Lanchester and Waldo were interested in the early 20th century puppet revival, pioneered by Harry Whanslaw, who Waldo had worked with in the 1920s as part of the London Marionette Theatre. They established the 50-seat Lanchester Marionettes Theatre at Foley House, “the only theatre in the country exclusively to be used for marionettes.” It was opened on 24 July 1936 by Sir Barry Jackson, with George Bernard Shaw in the audience. Waldo created the puppets, Lanchester the costumes and both would work the puppets.

===WWII===
As part of the Entertainments National Service Association (ENSA) (and subsequently CEMA) the Lanchesters ran a touring puppet show that travelled 40,000 miles giving c. 700 performances throughout the UK. They appeared in factories, military camps and industrial workers’ hostels, as well as putting on performances for evacuees. When the Lanchesters initially offered their services, they were refused on the grounds that “the men wouldn’t want to watch Punch and Judy.” However, after almost two years ENSA realised the Lanchester Marionettes “bore no resemblance to seaside puppets” and were accepted.

===Productions===

Their best-known show was Shakes versus Shav, written by George Bernard Shaw, which premiered at Malvern's Lyttelton Hall on 9 August 1949. It was described as “a rumbustious knock-about farce” by Eric Walter White, of the Arts Council of Great Britain, who had “a minor reputation for being knowledgeable about puppetry”. The cast was Shaw, Shakespeare, Macbeth, Rob Roy, Captain Shotover and Ellie Dunn. Lanchester made all the costumes, seeking advice from Scotland regarding the correct tartan for the two Scottish characters.

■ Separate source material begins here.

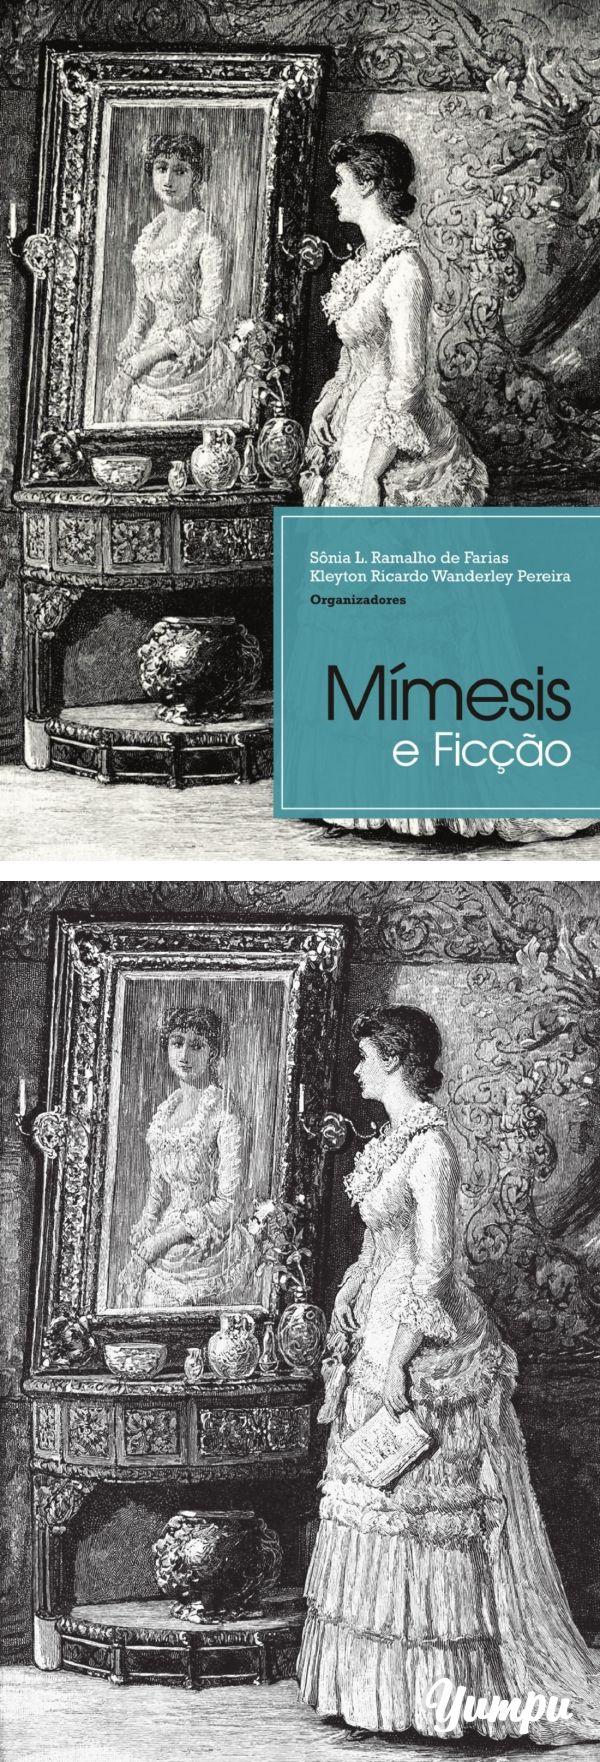 download da versão em pdf - Magazine with 400 pages: download da versão em pdf

Other notable productions included:
- Under-water ballet (1937) at the Paris Exhibition
- A performance for King George VI and the royal family at Buckingham Palace (1938)
- L'Amfiparnaso (1946)
- Philemon and Baucis (1952)
- A Trip to Bath (1958) with words and music by Flanders and Swann
- The Man, the Fish and the Spirit
- Paderewski at the Piano

In 1945 they were “taken bodily up to London” to appear in the film The Seventh Veil, starring Ann Todd and Hugh McDemott.

===From 1951 onwards===
In 1951 they moved to Stratford-upon-Avon, where they opened a Puppet Centre opposite the birthplace of Shakespeare. They sold puppets and also housed a “permanent exhibition of English & foreign puppets.” By 1952 they had “clocked up 100,000 miles” of travel around Great Britain.

In 1955 they made the film Magic Strings, directed by John R F Stewart. During the 1960s they produced smaller-scale productions, staged exhibitions and gave lecture-demonstrations. In 1972 Lanchester and Waldo were elected as Honorary Members of the International Puppetry Association, UNIMA.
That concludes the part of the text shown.